Ich fürchte die Danaer, auch wenn sie Geschenke bringen, sagt ein geflügeltes Wort des Altertums. Die Trojaner schlugen die Warnungen in den Wind und holten das hölzerne Pferd in die Stadt. Ergebnis war die Zerstörung Trojas. Auch über zweitausend Jahre später sind wieder Trojanische Pferde unterwegs. CDU und FDP versprechen zur Bundestagswahl am 27. September Steuersenkungen. Die SPD verspricht einen gerechteren Einkommensteuertarif, der Entlastungen für untere Schichten mit sich bringen soll. Ähnliches ist bei den Grünen zu lesen. Und Die Linke hat sich „Reichtum für alle“ auf die Fahnen geschrieben.

Gemeinsam ist den Versprechungen der Parlamentsparteien, daß sie die größte Staatsverschuldung seit Bestehen der Bundesrepublik ignorieren. Mit 1.600 Milliarden Euro standen Bund, Länder und Gemeinden 2008 in der Kreide. Das war vor der Wirtschaftskrise. Seitdem steigt die Schuldenlast inflationär. Ein Wert von 2.000 Milliarden, das sind zwei Billionen Euro, wird 2010 in greifbare Nähe rücken.

Der Staat ist nicht mehr in der Lage, diesen Schuldenberg zu bedienen, das heißt, aus laufenden Einnahmen die Zinsen für die Schulden zu bezahlen. Diese Tatsache wird verschwiegen. Letztlich heißt es immer, es fehle Geld für Bildung, für Kindertagesstätten oder für die Unterstützung des Prekariats. Selbst die FDP ist dafür, das Schonvermögen für Hartz-IV-Empfänger zu erhöhen – womit das Subsidiaritätsprinzip der Sozialhilfe endgültig ad absurdum geführt wäre.

Der Kassensturz wird kommen. Im November, wenn klar ist, wer mit wem regiert, wird die neue oder alte Koalition sehr überrascht feststellen, daß kein Geld mehr da ist und dringend frisches beschafft werden muß.

Instrumente gibt es genug. Da ist die Mehrwertsteuer, das liebste Kind der Steuer­erhöher. Wenn man sie nur von 19 auf 20 Prozent erhöhen würde, hätte der Staat 30 Milliarden Euro mehr in der Kasse. Ein Propagandist dafür ist der Hamburger Wirtschaftswissenschaftler Thomas Straubhaar. Er fordert eine höhere Mehrwertsteuer und eine Senkung der direkten Steuern wie der Einkommensteuer. Ein Teil der Einnahmen soll dazu verwendet werden, die Sozialabgaben unter 40 Prozent zu halten, damit die Arbeitskosten nicht zu hoch sind und Stellen nicht wegrationalisiert werden. Kundige Thebaner dürften das Ergebnis ahnen. Die Mehrwertsteuer steigt, während die indirekten Steuern und Sozialabgaben leider nicht gesenkt werden können. Deren Reduzierung wird dann für die nächste Bundestagswahl in Aussicht gestellt …

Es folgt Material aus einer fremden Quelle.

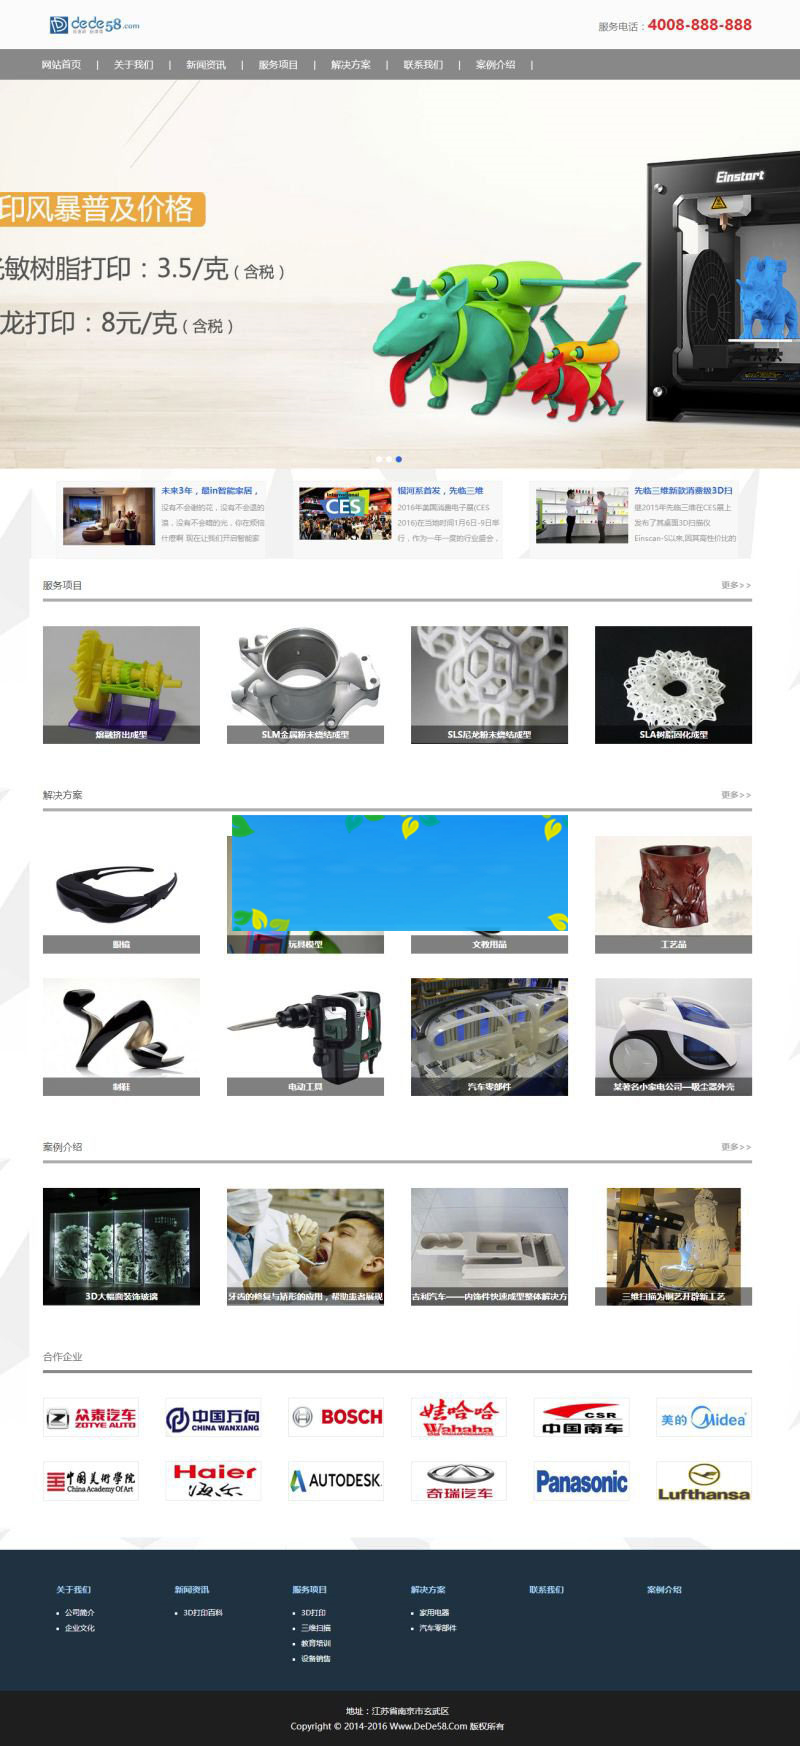 织梦dedecms相应式3D打印设施公司网站模板(自顺应手机移动端)-零度空间
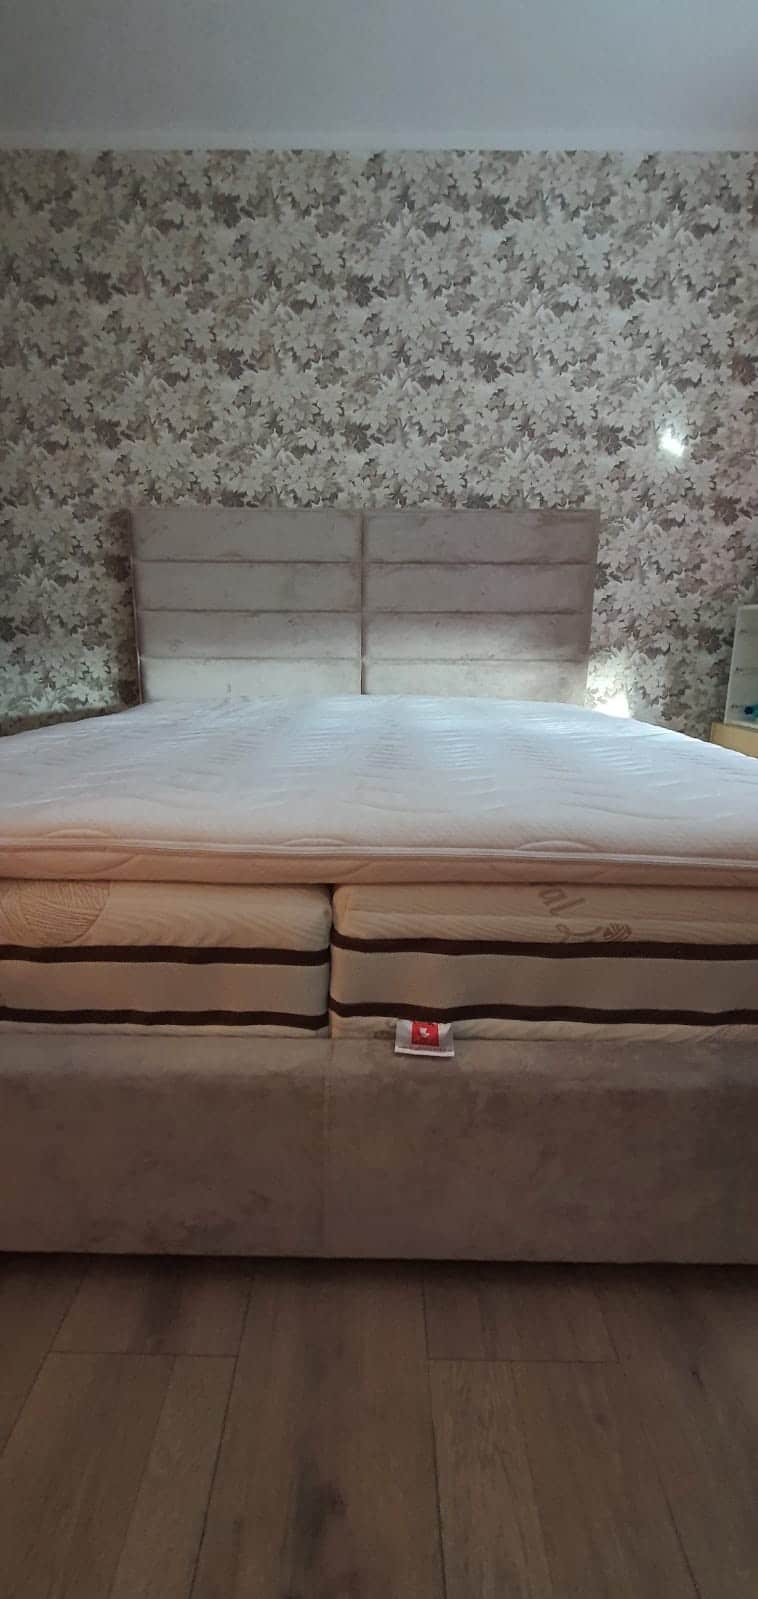 Posteľ Soft Quadro(180x200cm)s výškou čela 140cm v látke Neapol doplnená hotelovými matracmi na mieru podľa výberu zákazníka.

Und glaube niemand den Versprechungen von Angela Merkel (CDU) oder Frank-Walter Steinmeier (SPD), man werde die Mehrwertsteuer nicht erhöhen. 2005 hatte Merkel die Steuererhöhung auf zwei Punkte beschränken wollen, die SPD war sogar ganz und gar dagegen. Heraus kam eine Steuererhöhung von drei Prozentpunkten.

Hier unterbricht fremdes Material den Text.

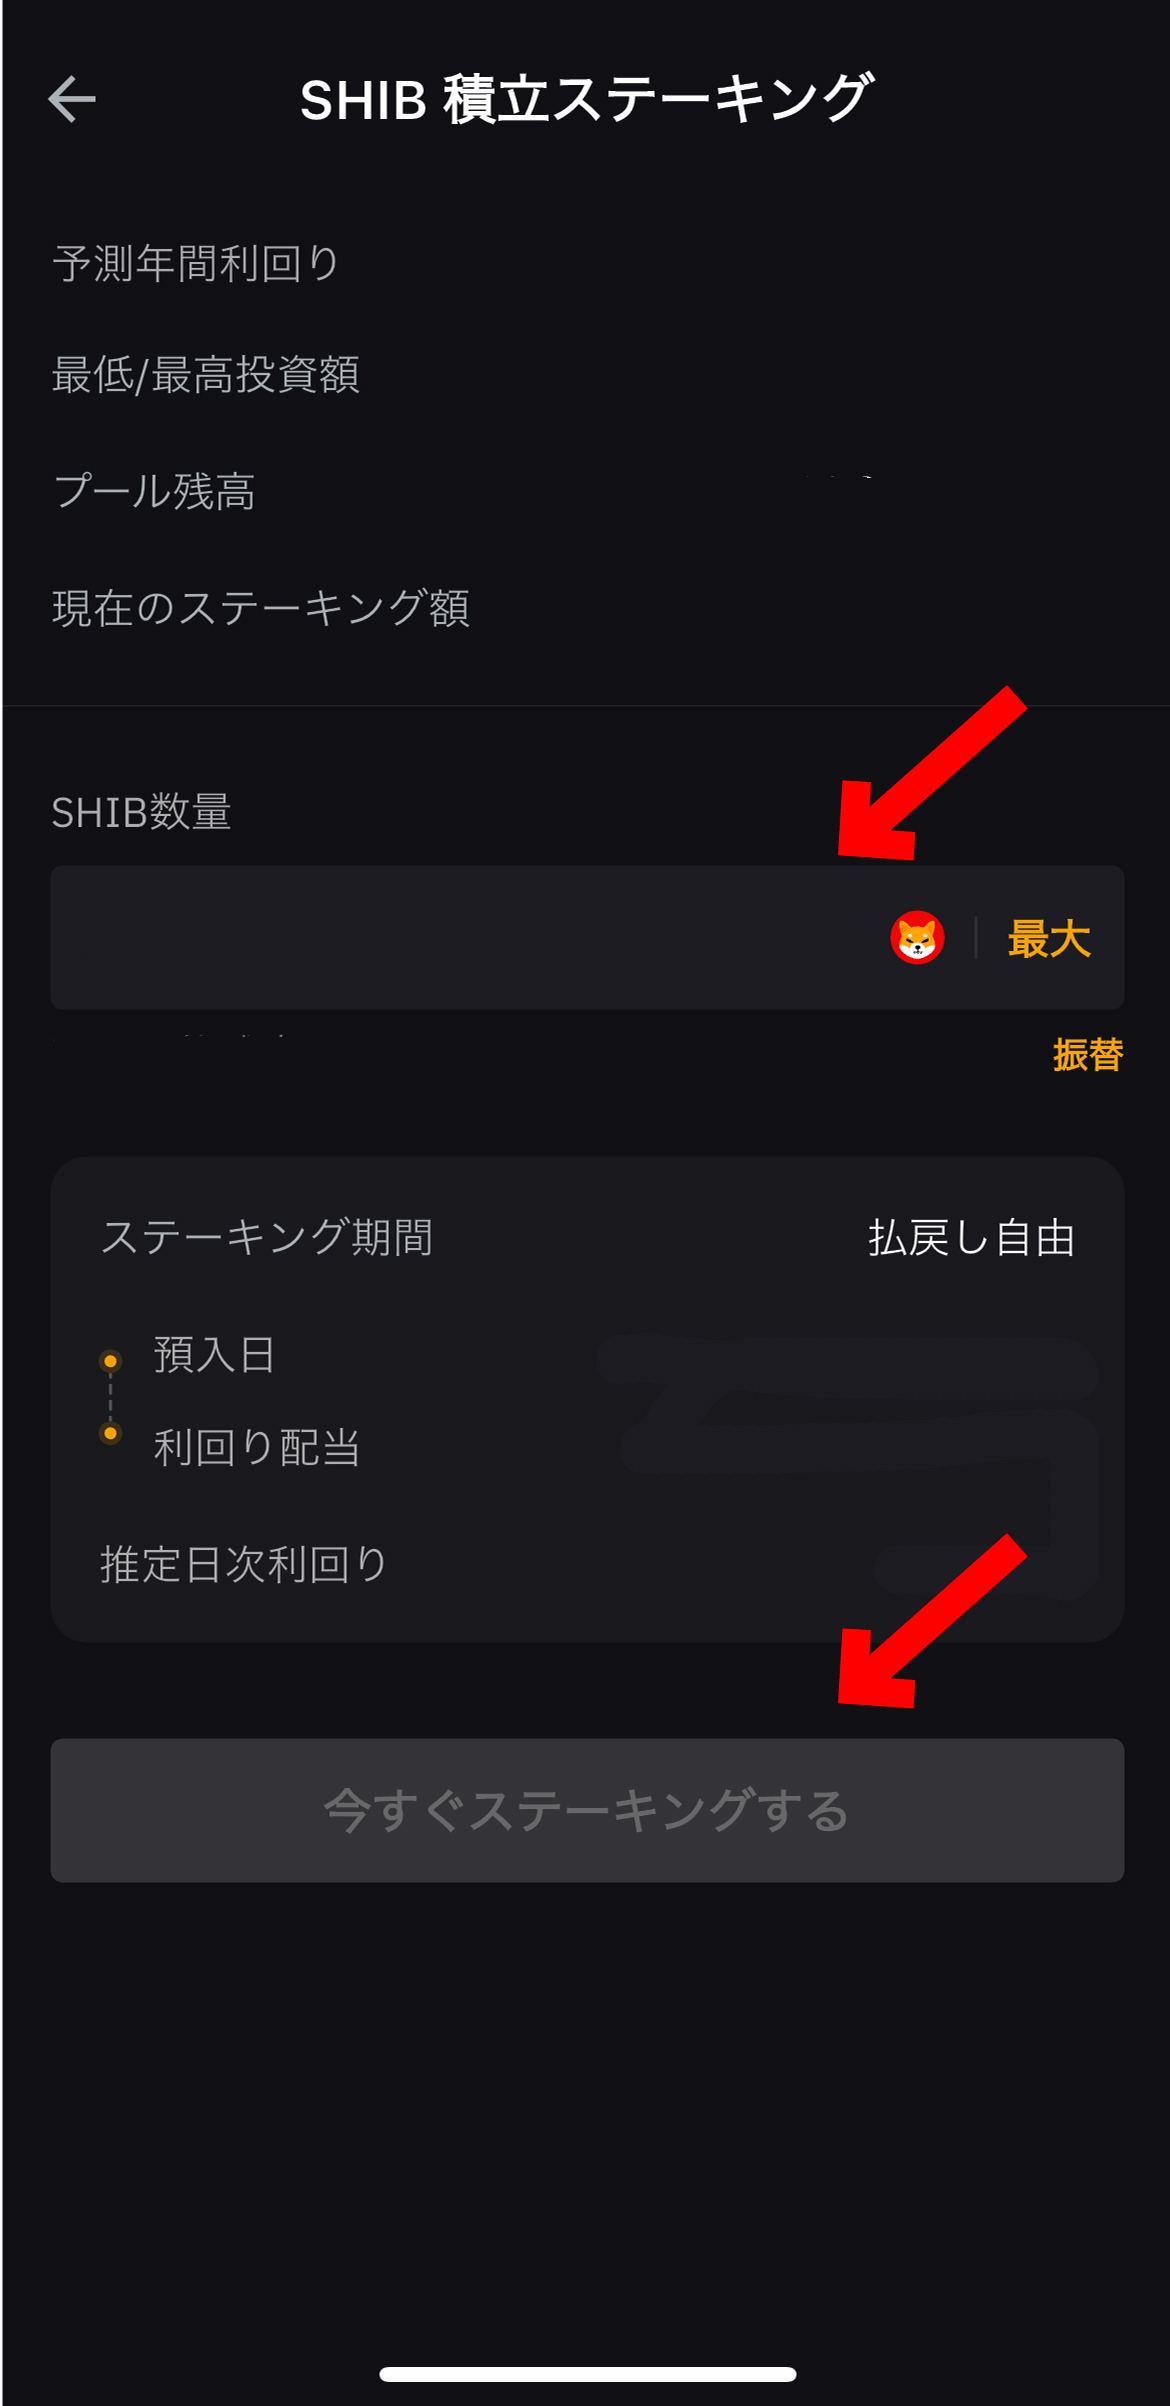 仮想通貨 柴犬コイン（SHIB/Shiba Inu）の買い方、ステーキング方法【Bybit】【バイビット】【シバイヌ】今すぐステーキングするを選択します

Die Parteien haben ohnehin einige Maßnahmen in den Programmen stehen, die bisher übersehen wurden. Da ist der „Bildungssoli“ – in sich schon eine tolle Wortschöpfung. Bildung ist per se eine feine Sache, Solidarität auch. Und da der „Bildungssoli“ angeblich nur von den Reichen kassiert werden soll (so die SPD und ähnlich die Grünen), entsteht bei den meisten Bürgern ein Wohlgefühl. Doch handelt es sich dabei um Blendwerk. Ein höherer Spitzensteuersatz für Bildung – nichts anderes ist dieser „Soli“ – zieht sich durch die ganze Tarifkurve und belastet schließlich auch Normalverdiener.

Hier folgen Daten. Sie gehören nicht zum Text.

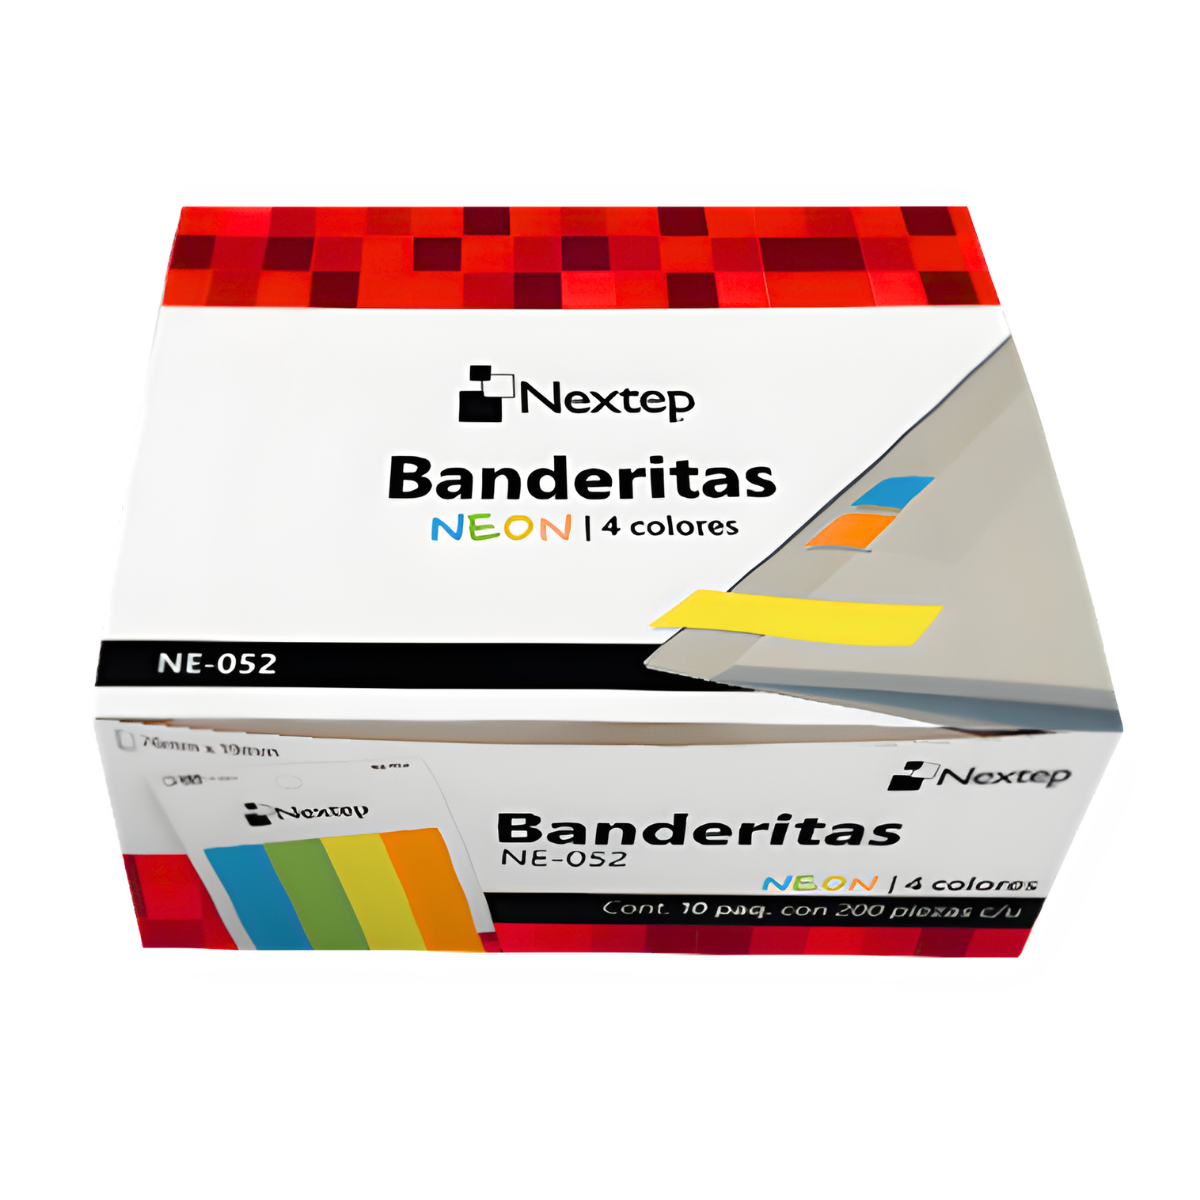 Banderitas Nextep Neon 4 Colores 200 Piezas - Caja con 10 Estuches

Eine weitere Schraubzwinge findet sich in den Programmen der linken Parteien, hat aber auch bereits bei Kanzlerin Merkel Appetit ausgelöst. Es ist die Börsenumsatzsteuer. Ziel ist, Spekulanten zur Kasse zu bitten. Die Zeche bezahlen aber weniger die Spekulanten, sondern Millionen Lebensversicherte, deren Spargelder in Anleihen und anderen Wertpapieren angelegt werden und die dann besteuert würden.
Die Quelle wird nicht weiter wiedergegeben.